The data:
Content starts
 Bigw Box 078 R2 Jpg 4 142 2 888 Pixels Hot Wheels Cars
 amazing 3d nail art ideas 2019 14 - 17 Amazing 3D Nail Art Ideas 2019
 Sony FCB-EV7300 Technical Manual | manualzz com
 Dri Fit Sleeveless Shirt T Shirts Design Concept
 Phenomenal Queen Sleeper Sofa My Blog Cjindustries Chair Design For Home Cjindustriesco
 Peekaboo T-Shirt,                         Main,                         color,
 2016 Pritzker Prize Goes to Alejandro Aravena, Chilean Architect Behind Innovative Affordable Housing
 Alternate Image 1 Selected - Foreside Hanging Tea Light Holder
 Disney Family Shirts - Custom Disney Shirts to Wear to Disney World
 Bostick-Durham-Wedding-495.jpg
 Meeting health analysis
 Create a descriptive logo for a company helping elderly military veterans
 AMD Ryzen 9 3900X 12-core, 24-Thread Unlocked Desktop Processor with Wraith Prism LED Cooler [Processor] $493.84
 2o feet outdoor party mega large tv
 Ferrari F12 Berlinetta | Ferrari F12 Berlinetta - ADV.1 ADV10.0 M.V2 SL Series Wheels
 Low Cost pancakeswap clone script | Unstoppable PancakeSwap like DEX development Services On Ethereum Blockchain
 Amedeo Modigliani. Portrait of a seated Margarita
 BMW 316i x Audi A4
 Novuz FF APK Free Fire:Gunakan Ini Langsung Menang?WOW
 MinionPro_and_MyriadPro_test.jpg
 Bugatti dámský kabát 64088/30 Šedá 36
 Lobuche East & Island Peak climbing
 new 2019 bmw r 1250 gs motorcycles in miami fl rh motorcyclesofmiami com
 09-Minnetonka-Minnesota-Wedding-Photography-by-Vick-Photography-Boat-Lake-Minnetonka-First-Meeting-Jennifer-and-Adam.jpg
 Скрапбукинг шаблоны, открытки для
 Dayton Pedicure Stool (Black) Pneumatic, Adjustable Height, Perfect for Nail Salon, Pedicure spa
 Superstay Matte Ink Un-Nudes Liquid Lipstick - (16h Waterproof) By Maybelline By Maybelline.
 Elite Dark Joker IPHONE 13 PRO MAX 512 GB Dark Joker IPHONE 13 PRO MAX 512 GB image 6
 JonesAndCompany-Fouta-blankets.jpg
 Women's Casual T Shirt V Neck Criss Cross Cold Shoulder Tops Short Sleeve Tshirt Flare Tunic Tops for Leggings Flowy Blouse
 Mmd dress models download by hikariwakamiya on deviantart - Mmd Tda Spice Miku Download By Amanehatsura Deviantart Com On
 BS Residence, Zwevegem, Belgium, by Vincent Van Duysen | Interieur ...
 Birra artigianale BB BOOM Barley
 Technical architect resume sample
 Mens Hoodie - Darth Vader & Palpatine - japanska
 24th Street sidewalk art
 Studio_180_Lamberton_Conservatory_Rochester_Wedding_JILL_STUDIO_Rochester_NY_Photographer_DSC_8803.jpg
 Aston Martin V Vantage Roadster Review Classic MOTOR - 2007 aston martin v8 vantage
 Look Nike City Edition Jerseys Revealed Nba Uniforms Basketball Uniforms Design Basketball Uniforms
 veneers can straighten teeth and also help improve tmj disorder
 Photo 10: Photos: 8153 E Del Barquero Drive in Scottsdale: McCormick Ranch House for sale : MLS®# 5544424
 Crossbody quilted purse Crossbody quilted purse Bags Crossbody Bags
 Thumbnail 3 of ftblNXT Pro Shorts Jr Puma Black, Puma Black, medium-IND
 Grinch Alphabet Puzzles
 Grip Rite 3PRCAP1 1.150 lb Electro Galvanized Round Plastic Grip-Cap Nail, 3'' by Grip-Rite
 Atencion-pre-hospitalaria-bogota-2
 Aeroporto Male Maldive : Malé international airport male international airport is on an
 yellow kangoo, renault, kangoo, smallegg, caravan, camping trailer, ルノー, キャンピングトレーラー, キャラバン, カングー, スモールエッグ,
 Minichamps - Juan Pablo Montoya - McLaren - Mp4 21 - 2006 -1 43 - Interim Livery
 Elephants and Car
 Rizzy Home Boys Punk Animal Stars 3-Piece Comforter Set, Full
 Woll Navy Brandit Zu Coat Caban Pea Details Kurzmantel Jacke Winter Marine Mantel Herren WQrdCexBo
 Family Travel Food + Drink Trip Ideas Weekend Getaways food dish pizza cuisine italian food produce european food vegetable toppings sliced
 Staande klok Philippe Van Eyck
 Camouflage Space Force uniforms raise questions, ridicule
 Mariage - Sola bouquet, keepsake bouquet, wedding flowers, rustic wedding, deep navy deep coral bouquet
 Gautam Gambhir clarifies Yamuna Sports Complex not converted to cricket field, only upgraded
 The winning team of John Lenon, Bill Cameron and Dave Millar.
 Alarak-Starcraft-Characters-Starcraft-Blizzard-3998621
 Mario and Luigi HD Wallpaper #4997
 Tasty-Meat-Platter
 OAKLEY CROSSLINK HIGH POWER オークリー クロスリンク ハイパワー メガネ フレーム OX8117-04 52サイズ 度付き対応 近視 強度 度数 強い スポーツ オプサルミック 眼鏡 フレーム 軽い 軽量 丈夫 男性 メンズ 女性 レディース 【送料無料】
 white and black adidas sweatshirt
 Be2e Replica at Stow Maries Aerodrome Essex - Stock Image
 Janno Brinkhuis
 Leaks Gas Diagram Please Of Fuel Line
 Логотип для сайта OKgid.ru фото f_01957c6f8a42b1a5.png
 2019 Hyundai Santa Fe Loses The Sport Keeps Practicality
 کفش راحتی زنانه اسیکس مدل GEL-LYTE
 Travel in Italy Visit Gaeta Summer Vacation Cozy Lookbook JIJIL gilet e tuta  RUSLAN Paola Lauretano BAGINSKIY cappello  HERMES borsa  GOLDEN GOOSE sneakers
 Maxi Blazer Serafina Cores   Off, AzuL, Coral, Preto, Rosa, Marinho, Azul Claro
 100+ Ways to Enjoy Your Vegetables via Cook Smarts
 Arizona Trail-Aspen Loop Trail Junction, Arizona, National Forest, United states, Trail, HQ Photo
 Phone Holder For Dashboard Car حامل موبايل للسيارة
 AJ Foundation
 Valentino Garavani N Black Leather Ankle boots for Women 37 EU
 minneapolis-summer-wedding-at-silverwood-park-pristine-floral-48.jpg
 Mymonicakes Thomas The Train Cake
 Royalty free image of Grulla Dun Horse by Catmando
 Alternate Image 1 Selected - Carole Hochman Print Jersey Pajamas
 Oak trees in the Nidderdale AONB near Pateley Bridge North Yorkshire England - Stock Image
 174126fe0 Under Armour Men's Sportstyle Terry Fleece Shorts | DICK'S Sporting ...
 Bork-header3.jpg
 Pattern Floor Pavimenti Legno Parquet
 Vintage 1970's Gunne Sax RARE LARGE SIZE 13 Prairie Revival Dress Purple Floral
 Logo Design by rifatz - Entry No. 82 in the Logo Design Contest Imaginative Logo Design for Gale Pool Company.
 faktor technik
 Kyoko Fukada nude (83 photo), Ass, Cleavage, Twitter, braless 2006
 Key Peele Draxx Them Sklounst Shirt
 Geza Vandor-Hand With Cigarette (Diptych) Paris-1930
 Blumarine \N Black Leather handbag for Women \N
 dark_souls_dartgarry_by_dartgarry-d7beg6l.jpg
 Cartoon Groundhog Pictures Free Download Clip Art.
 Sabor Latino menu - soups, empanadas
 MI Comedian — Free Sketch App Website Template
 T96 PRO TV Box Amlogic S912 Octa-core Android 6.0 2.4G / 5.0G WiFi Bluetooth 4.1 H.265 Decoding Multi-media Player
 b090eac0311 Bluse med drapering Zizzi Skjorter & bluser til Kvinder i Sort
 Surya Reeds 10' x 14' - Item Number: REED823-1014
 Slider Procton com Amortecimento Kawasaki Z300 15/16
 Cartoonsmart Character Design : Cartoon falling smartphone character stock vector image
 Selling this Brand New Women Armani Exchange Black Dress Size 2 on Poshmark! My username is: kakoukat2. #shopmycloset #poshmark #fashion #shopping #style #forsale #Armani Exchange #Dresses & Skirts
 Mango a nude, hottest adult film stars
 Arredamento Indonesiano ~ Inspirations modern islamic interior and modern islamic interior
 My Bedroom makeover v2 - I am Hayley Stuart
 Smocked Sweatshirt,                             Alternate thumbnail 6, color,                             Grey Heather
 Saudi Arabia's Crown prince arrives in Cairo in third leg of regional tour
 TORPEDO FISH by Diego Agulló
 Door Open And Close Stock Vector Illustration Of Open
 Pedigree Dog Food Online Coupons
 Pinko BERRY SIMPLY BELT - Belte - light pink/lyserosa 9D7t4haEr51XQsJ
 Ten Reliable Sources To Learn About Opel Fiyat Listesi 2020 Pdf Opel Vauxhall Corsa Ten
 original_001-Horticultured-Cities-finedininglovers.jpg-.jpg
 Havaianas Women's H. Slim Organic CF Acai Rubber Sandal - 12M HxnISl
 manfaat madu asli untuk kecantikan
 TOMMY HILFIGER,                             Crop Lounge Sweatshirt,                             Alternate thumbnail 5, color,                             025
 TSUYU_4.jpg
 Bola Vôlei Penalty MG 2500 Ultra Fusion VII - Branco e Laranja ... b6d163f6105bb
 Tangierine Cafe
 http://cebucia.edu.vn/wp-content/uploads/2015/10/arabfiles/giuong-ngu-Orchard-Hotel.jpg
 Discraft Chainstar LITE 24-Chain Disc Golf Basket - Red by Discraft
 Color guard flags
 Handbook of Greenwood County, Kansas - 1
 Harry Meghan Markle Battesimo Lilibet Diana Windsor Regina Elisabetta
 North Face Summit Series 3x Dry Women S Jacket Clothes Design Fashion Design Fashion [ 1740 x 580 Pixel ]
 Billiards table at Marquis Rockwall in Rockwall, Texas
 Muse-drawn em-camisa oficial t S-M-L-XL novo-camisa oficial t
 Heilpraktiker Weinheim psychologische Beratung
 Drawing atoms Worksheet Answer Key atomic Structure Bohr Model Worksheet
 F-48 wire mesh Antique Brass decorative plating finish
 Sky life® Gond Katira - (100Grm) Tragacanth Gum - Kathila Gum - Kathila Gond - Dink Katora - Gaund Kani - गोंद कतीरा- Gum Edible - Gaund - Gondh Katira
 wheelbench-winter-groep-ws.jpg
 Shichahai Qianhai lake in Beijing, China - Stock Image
Content ends
What the task asks:
Would you please reproduce the records above exactly, only from their first line through the line holding "Dri Fit Sleeveless", with both ends included?

Output:
 Bigw Box 078 R2 Jpg 4 142 2 888 Pixels Hot Wheels Cars
 amazing 3d nail art ideas 2019 14 - 17 Amazing 3D Nail Art Ideas 2019
 Sony FCB-EV7300 Technical Manual | manualzz com
 Dri Fit Sleeveless Shirt T Shirts Design Concept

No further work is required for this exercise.